’23 must be a pivotal year for water policy changes in NM


As the state office of the National Audubon Society in New Mexico, Audubon Southwest’s mission is to conserve and restore natural ecosystems, focusing on birds, other wildlife, and their habitats, at benefit of humanity and the Earth’s biological diversity.

New Mexico had an unprecedented $8.5 billion budget to work through this year’s legislative session. Fiscal 2022 provided the perfect scenario and timing to invest in water programs and consolidate current water and infrastructure data. Unfortunately, many water programs in the state have not received large enough funding increases, which puts us even further behind in our efforts to respond to New Mexico’s severe water crisis.

Water is life in New Mexico, and that life is under threat. We are the fourth driest state in the country and we are getting drier every year. We hear daily news about the ongoing drought, difficulty accessing clean water in some communities, litigation between Texas and New Mexico over the Rio Grande Compact, and low water levels at the reservoir. ‘Elephant Butte. All of these events are indicators that the incredible wildlife that thrives in New Mexico, our beautiful landscapes, our traditional communities, and our agricultural practices are in trouble. The fate of future generations is directly linked to the way in which the State adapts its management of water resources today.
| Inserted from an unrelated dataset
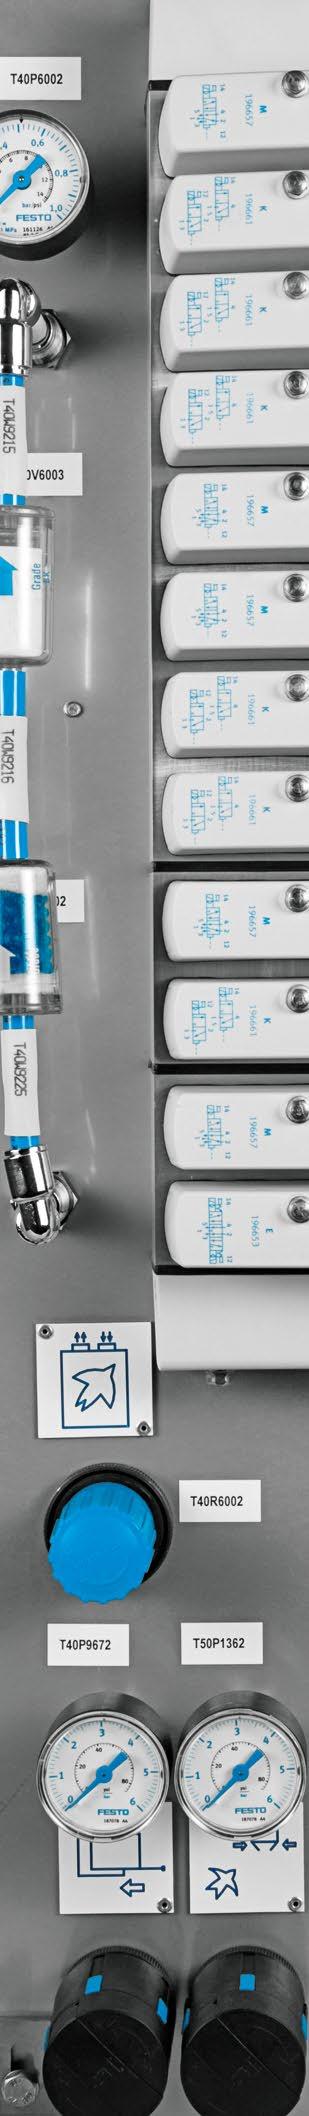 Control Cabinets solutions for Water Treatment Process Valve Assemblies

New Mexico needs to update its water infrastructure and management, fully fund water programs, and plan for a persistent drought by reducing use and making sure rivers flow. Reserving water for future shortages is also a critical – and underfunded – need. Eighty percent of our species at risk depend directly on land near rivers and streams, and the Governor is committed to protecting biodiversity and preserving sensitive ecosystems. It’s a step in the right direction, but we need to do more.

Voters clearly support measures to address water issues in a meaningful way. As a recent poll released by the Thornburg and Water Foundations shows, 75% of New Mexico voters want action taken now to ensure that future generations continue to have an adequate water supply. The survey also shows that 74% of voters support increased investment in water infrastructure, 68% support the use of the Outstanding Natural Resource Waters program which grants state protection to certain special waters, and 84% support updating water data while making it accessible to the public.

We missed a golden opportunity this legislative session to make meaningful progress in solving the water crisis, but it’s not too late. We know we have to act now and the public supports it, so let’s do it. The Legislature, Governor’s Office, and advocacy groups must begin preparing for the 60-day session of 2023. It will provide another opportunity to equip public bodies with innovative policy tools and the funding to implement them. . We must work together to meet the challenges of the 21st century in the use, protection and storage of water. Audubon Southwest will work to support legislation to fully fund water programs, prepare for prolonged drought, and modernize state water management. For the sake of our economy, our environment and our public health, we must prepare for the water challenges that lie ahead. If we want to have a future, we must act today.